# work out at the gym



## Jon in FL

Wie sagt man auf deutsch:

_Do you work out?_  In the context of at the gym. 

Would I just use:  Bewegung shaffst dich?

Danke


----------



## Kuestenwache

"To work out" is just "trainieren". "I work out at a gym every day" - "Ich trainieren jeden Tag im Fitnessstudio".


----------



## Todessprache

Hehe.

Du kannst auch sagen. 

Pumpst du?

Ich gehe pumpen./Ich pumpe.

Ich pumpe in der Muckibude jeden Tag.


----------



## Kuestenwache

Hmm "pumpen" bezeichnet eigentlich nur Muskelaufbautraining, Laufband und der gleichen also Dinge die man unter "doing cardio" zusammenfassen würde fallen da nicht drunter. Ich bin mir jetzt allerdings nicht ganz sicher ob das nicht auch auf "to work out" zutrifft, wie sieht das aus?


----------



## Todessprache

Kuestenwache said:


> Hmm "pumpen" bezeichnet eigentlich nur Muskelaufbautraining, Laufband und der gleichen also Dinge die man unter "doing cardio" zusammenfassen würde fallen da nicht drunter. Ich bin mir jetzt allerdings nicht ganz sicher ob das nicht auch auf "to work out" zutrifft, wie sieht das aus?


 
Nee, auf Englisch meint man ausschliesslich das Pumpen, wenn man von 'work out' spricht, deswegen mein Vorschlag. 'Exercise' umfasst alles andere, aber 'to go work out' heisst pumpen gehen, bin mir hundertpro sicher.


----------



## Kuestenwache

Ok wieder was gelernt.


----------



## Todessprache

Kuestenwache said:


> Ok wieder was gelernt.


 
Man lernt nie aus. 

Ich lerne staendig neue Sachen im Englisch und im Deutschen.


----------



## Toadie

Ich bin nicht der Meinung, dass "work out" Muskelaufbautraining bezeichnen sollte.  Ich persönlich würde sagen: "I just worked out" nachdem ich gerade laufen gegangen bin, oder so etwas Ähnliches.  Ich finde, "exercise" ist ein formellerer Ausdruck als "work out", aber die beiden sind gleichbedeutend.


----------



## brian

I agree with Toadie. Not to be sexist or anything  but imagine a girl saying, "Hey I'm going to work out. Be back later." In my mind, I don't see her pumping iron. Yes, maybe she'll lift _some_ weights, but I imagine cardio, aerobics, etc. as well. "To work out" really refers to any- and everything, I'd say. (But it's true that "exercise" usually doesn't refer to weightlifting.)


----------



## Kuestenwache

This was exactly my feeling at first, maybe it depends on the context.


----------



## Todessprache

brian8733 said:


> I agree with Toadie. Not to be sexist or anything  but imagine a girl saying, "Hey I'm going to work out. Be back later." In my mind, I don't see her pumping iron. Yes, maybe she'll lift _some_ weights, but I imagine cardio, aerobics, etc. as well. "To work out" really refers to any- and everything, I'd say. (But it's true that "exercise" usually doesn't refer to weightlifting.)


 
I disagree.


----------



## brian

...as is your right.

Here are some of my personal uses. (You can add "I'm going..." in front of any of them to get a full sentence that I personally would and do say.)
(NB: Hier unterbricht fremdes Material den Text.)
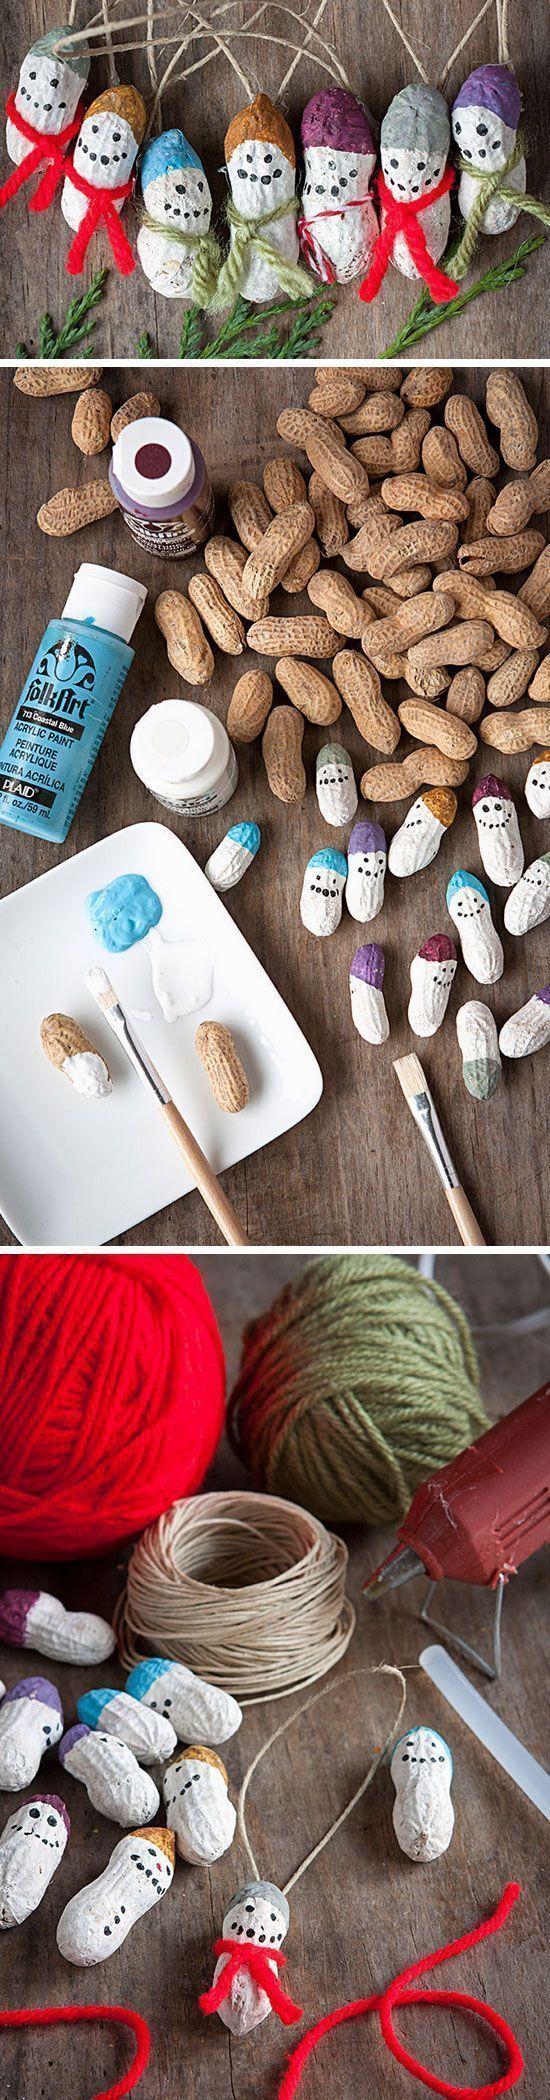 Peanut Snowmen   30+ DIY Christmas Crafts for Kids to Make

_to lift_ = "to weightlift, to lift weights" <-- I never say "to pump (iron)" except jokingly
_to run/jog
to bike
to swim
to do cardio_ = to do any combination of biking, running, jumping, whatever--aerobic exercises

I personally never actually say "I'm going to exercise," though I would use the word in a general sense, e.g. "I like to exercise" or "I exercise to stay in shape."

Now, for _me_, when I say, "I'm going to work out," it really very simply means that I'm going to the gym... to do lots of things... _all_ of the above sometimes. That's why for me it includes any and every kind of exercise.
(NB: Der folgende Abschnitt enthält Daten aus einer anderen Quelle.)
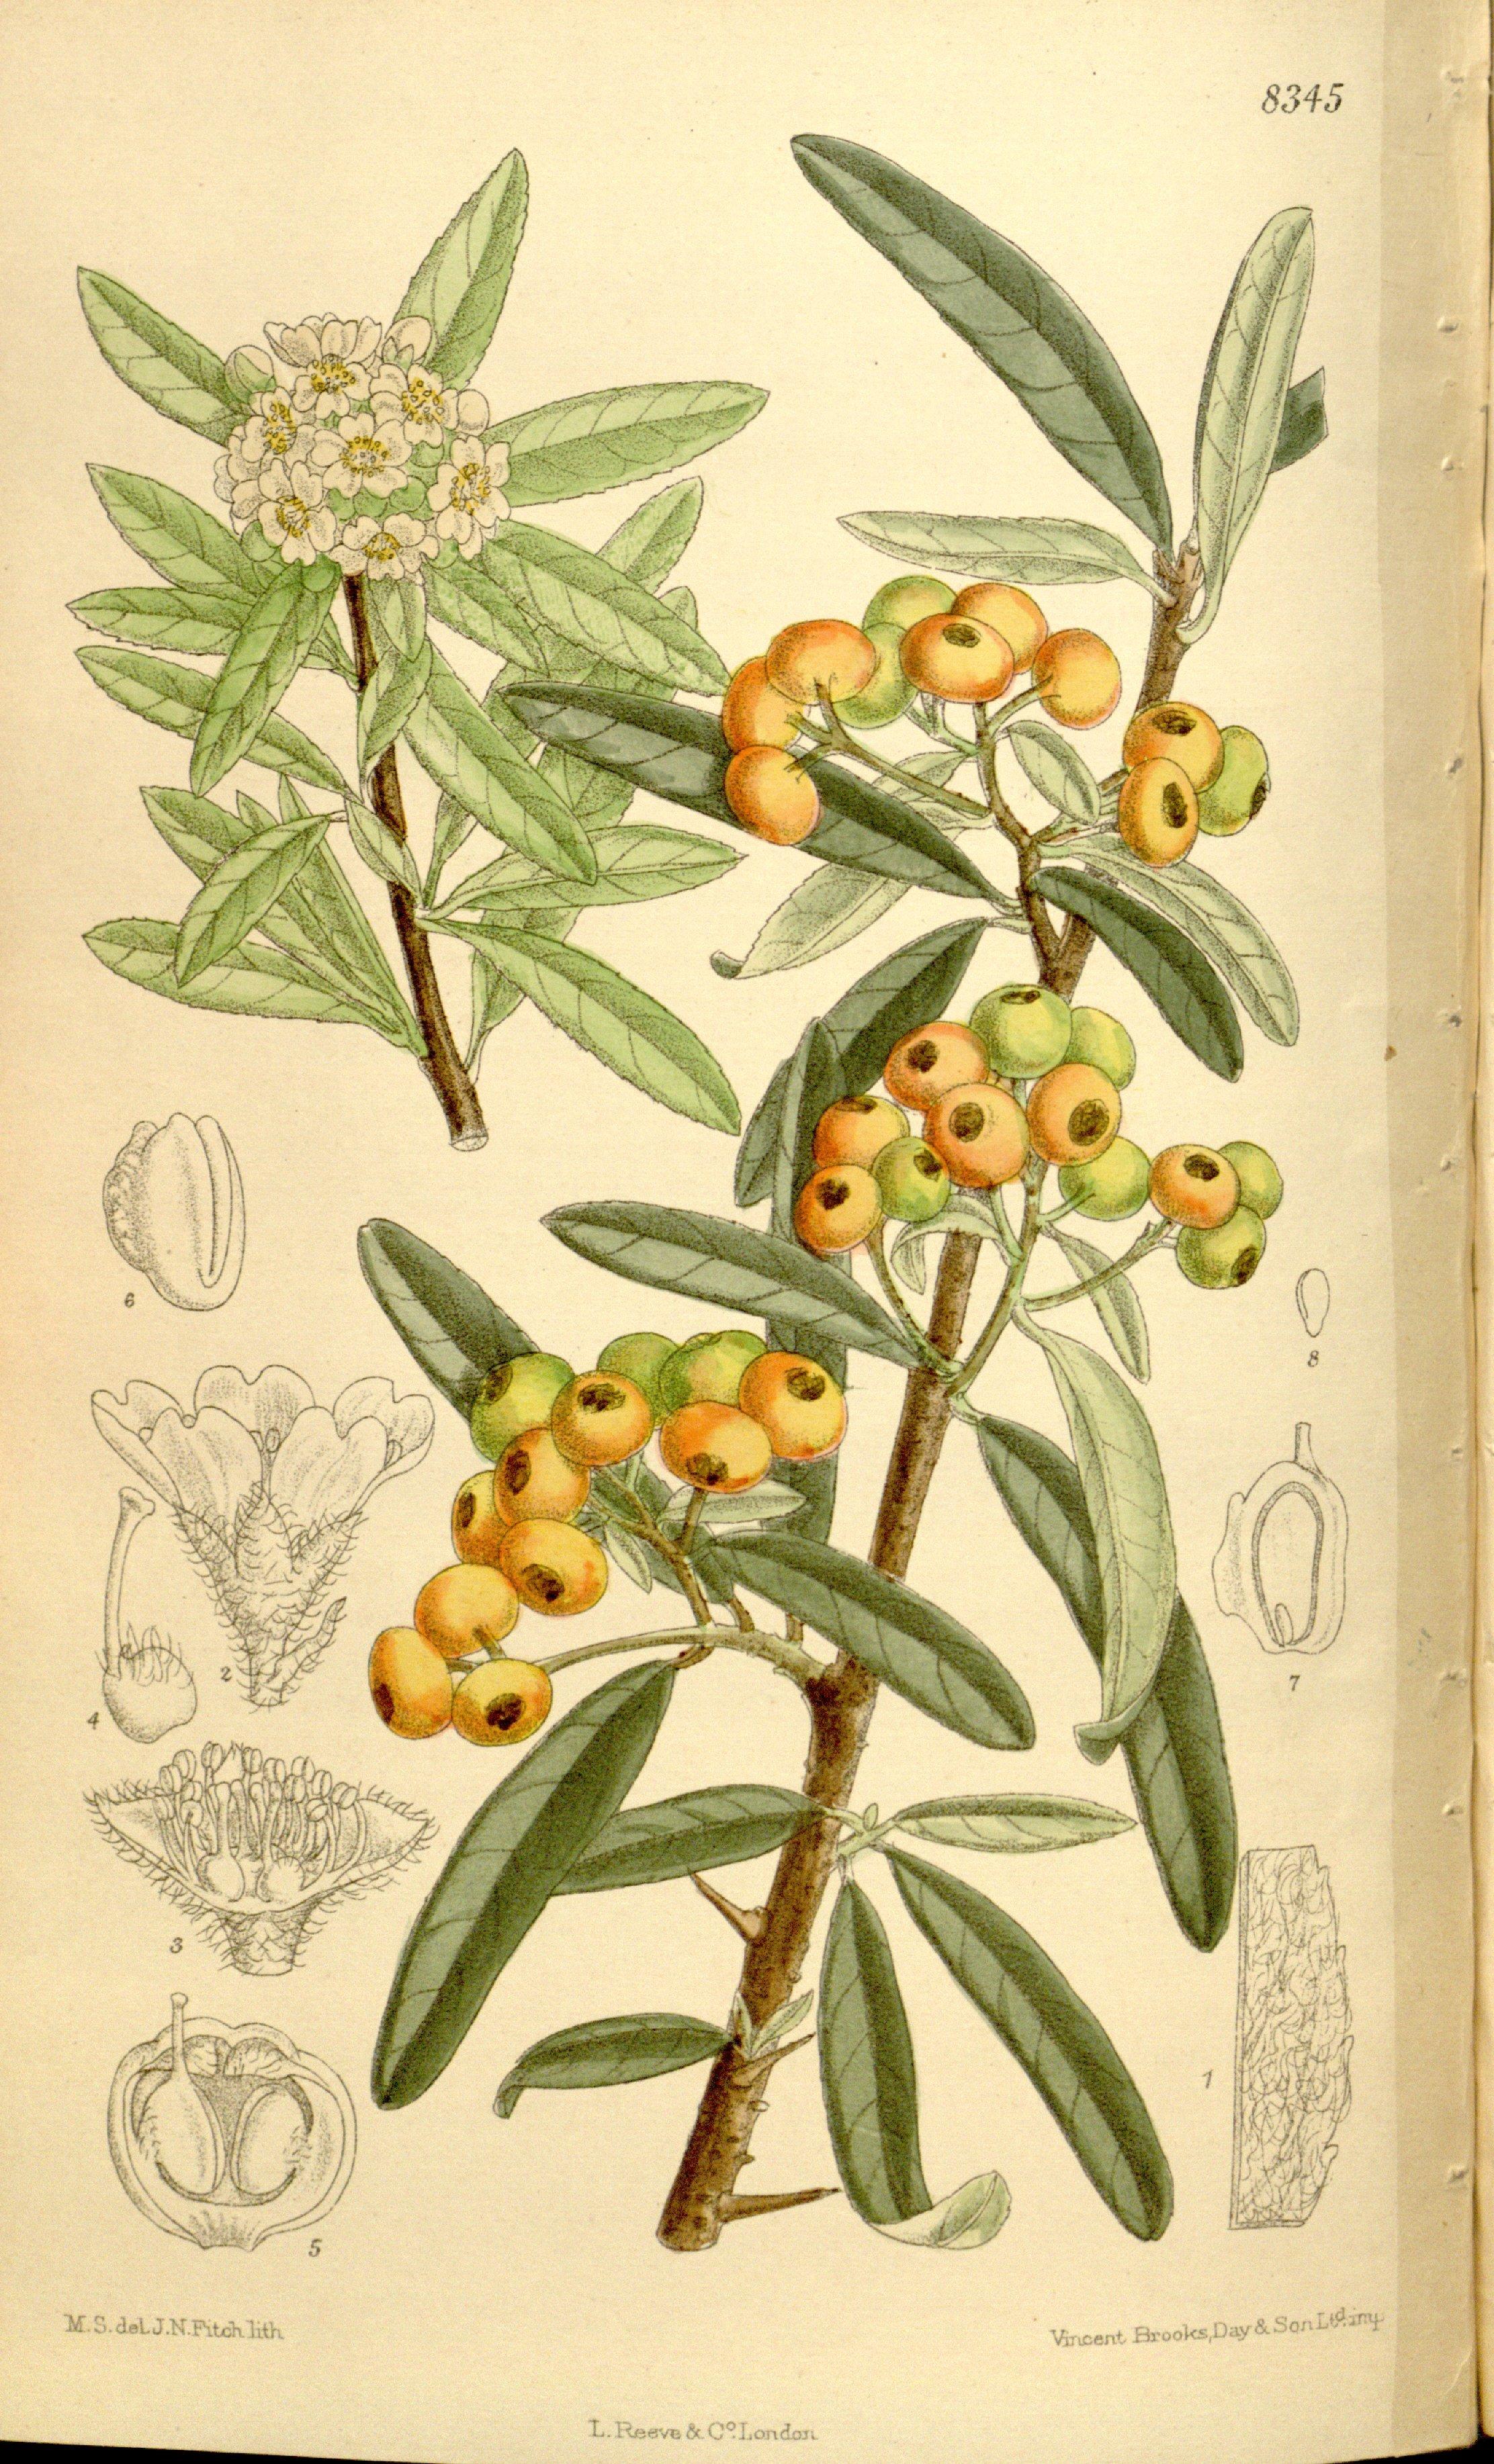 Image of narrowleaf firethorn

I will concede that "to work out" _does_ imply more than just cardio--i.e. at least some kind of weightlifting, or maybe sit-ups, push-ups, pull-ups, etc. Some kind of muscle-toning/building workout. (So I wouldn't say I'm going to "work out" to mean just run or swim.) But working out, for me, also encompasses all of the other things, too.


----------



## Kuestenwache

Let's agree that "to work out" is all the sort of exercises you can see someone is doing without examening him scientifically (measuring heart rate or oxygen in his breath), but just by looking and saying "well that fellow is in great shape, im sure he's working out", we can now each decide whether we want to include a healthy taint and the ability to walk up two stairs without loosing breath.


----------



## sokol

Laut Collins English Dictionary (also British English) ist "workout" "a period of physical exercise or training", und als Beispiel ist auch ganz simples Aerobic angegeben: "... a 35-minute aerobic workout".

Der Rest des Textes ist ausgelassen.